Orango is one of the Bijagós Islands, located 60 km off the coast of mainland Guinea-Bissau. At 272.5 km2, it is the largest island in the archipelago. The island has a population of 1,250 (2009 census); the largest village is Eticoga. With the neighbouring islands Imbone, Canongo, Meneque and Orangozinho, it forms the Orango National Park. It belongs to the Uno Sector.

Orango is known for its saltwater hippopotamuses. It was the seat of Okinka Pampa until her death in 1930.

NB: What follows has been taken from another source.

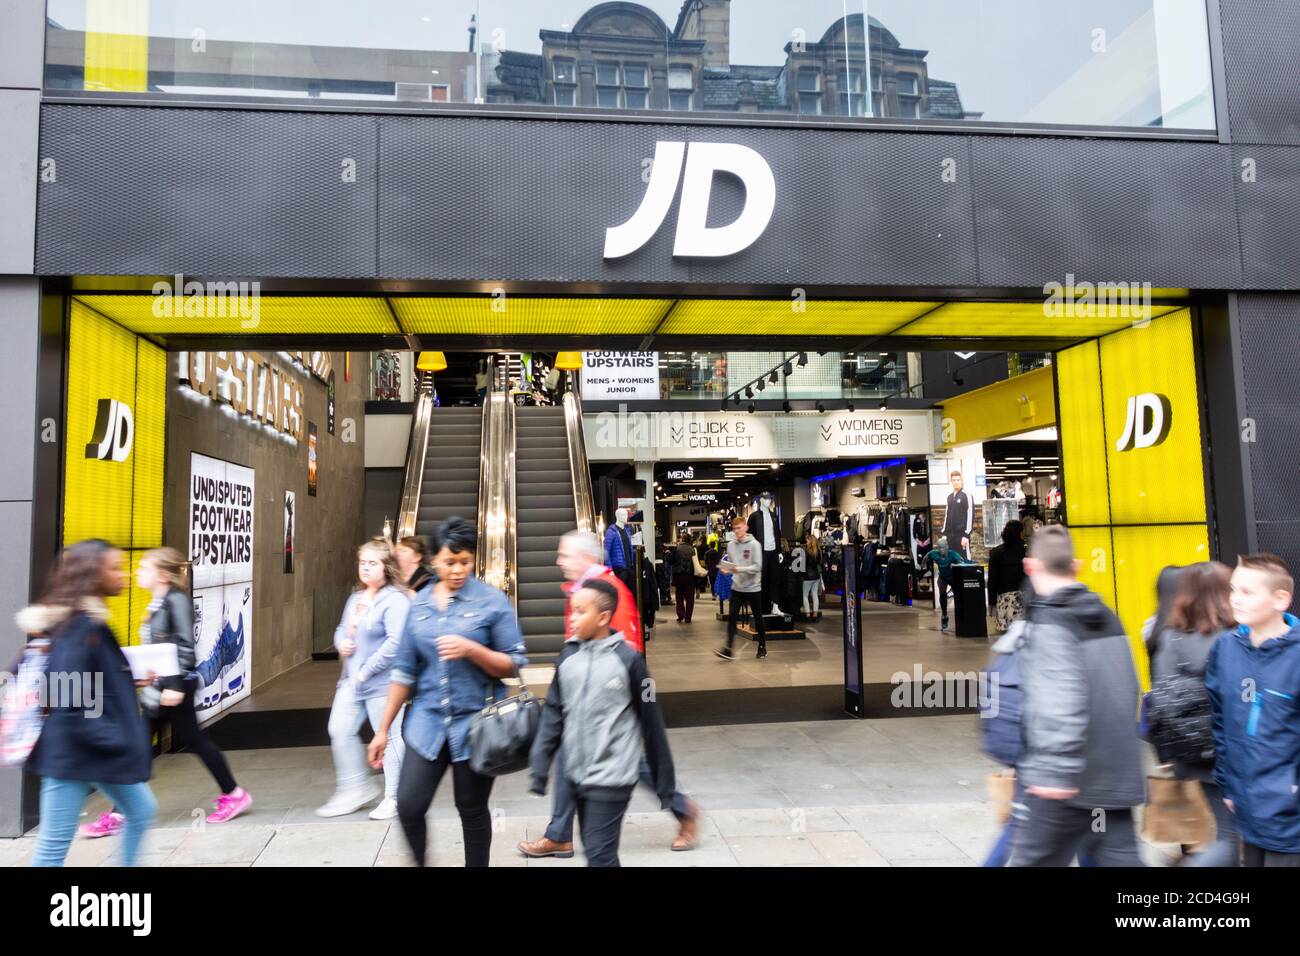 JD sports store on Northumberland street, Newcastle upon Tyne, England. UK  Stock Photo - Alamy

==Matrimonial traditions==
Orango's inhabitants developed a number of distinct matrimonial traditions which are unique with respect to the role played by women. Marriage is formally proposed by women — their choice of spouse is made public to the groom-to-be and the rest of the community by an offer of a dish of specially prepared fish, marinated in red palm oil. According to tradition, the offer is accepted by eating the fish, and cannot be turned down without dishonor. The marriage becomes official months later, after the bride-to-be, with no help from the groom, builds the couple a new home out of driftwood, blond grass, and mud bricks.

In recent years, the island's traditions are competing with outside influences, both economic and religious. Men increasingly travel to the mainland to work, bringing back the mainland's trappings and ideas. Men and women have adopted religious practices introduced by Protestant missionaries, which have also reduced the influences of the island's matrimonial traditions.